I decided that I want to start a new blog series where I will give quick guides to certain bookish topics.
Today I’m going to discuss the difference between diversity and representation. Now, you probably have seen these words thrown around the internet book world and sometimes, people use them interchangeably. BUT THEY ARE COMPLETELY DIFFERENT.
Definitions according to Dictionary.com
Diverse: showing a great deal of variety; very different.
Diversity in books basically just means the book contains marginalized people in their stories. This can mean there’s multiple ethnic/racial identities, LGBTQIA+ characters, disabled characters, various of non-catholic/Christian religions, etc.
Representation: the description or portrayal of someone or something in a particular way or as being of a certain nature.
Representation doesn’t focus on what or who like diversity does. Rather, it focuses it’s attention on the how. How well is this person represented? Is it good representation? Does the author portray any harmful stereotypes or tropes against the identity of their characters?
“Okay BLQ but why does it matter?”
Good question! Here are some reasons why it’s important
1. Books having diversity doesn’t mean representation
A book can have a mainly straight, cis white cast but sprinkled in some black people, some lgbtq+ characters and they will market it as diverse. I mean yay for diversity? However, this doesn’t mean it’s a good representation. When this occurs in books, these “diverse” characters usually don’t have any lines, have no character depth or development, or often becomes a stereotype or a trope. Yes, the book is technically diverse but’s it’s not well-represented.
Usually, side characters fall victim to the diversity label. One way to try to avoid such thing is looking for a book where the main character is marginalized or even own voices book. This doesn’t guarantee that the book is well-represented, but it’s a start. Looking at more reviews can also go a long way.
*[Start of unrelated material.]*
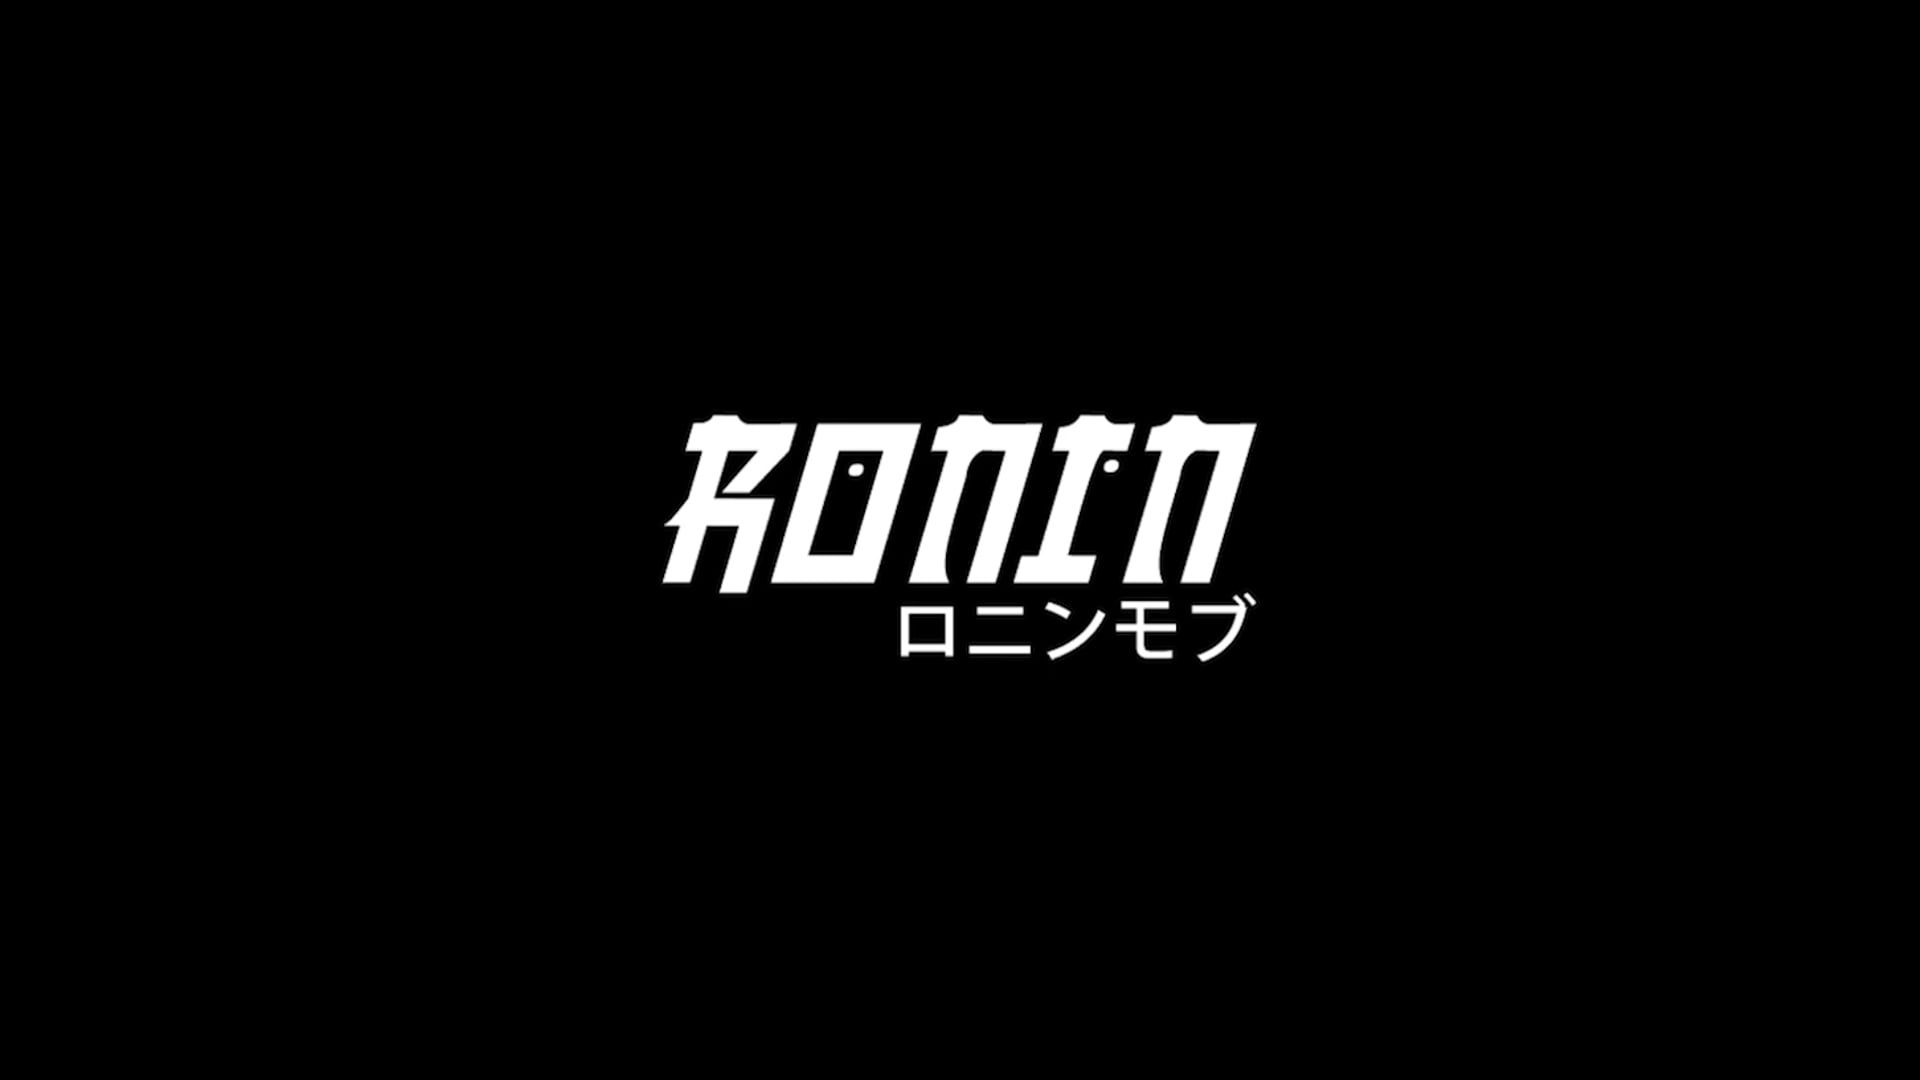 Ronin 2.0

2. Knowing the difference can make a person a better consumer
When a reviewer says, “this book is so great because it’s so diverse,” don’t automatically assume it’s good representation. Ask the reviewer if it’s good representation. If the reviewer can’t speak on the issue, perhaps seek out other reviewers who can. Look for “representation” in the reviews rather than diversity.
3. Knowing the difference can make you a more critical reviewer
Don’t get me wrong, I love seeing black people in my books. Oh, they have a mental illness? Another plus! Oh, they are bi? Yes, diversity is comin’ in hot in this story. However, do I feel represented? Do I feel like other people may feel like this may harm them? Do they portray the various stereotype black people have to endure? Is there the “love cures all” trope? Does the bisexual individual a relationship ruiner in the story? You can ask these questions to yourself while reading. Again, also look at your fellow reviewers for help!
It’s also worthy to note that all experiences are different. I may feel represented in a book, while another person will feel that the book brought them harm. Again, that’s the beauty of the online book community. We are exposed to various identities and people with different experiences and we are able to gain new perspectives. It’s okay to love a book where you felt represented. It’s okay to love a book that may not sit well with another person. However, acknowledging and validating these people and experiences is what the online book word is trying to do.
Sometimes, knowing what is good representation can be frustrating. Many people read for escapism and don’t want to look the diversity and representation and that’s okay! However, others are also entitled to their opinions. For so long, marginalized people have had to read from the other perspective and would like to see more that’s their own. Then we got diversity which was fine and all but we weren’t represented. There were still stereotype and tropes and believe it or not, what we consume is how we see the world. That’s why people like me advocate for representation rather than diversity.
What are your thoughts? Also, what other “quick guides” should I do next?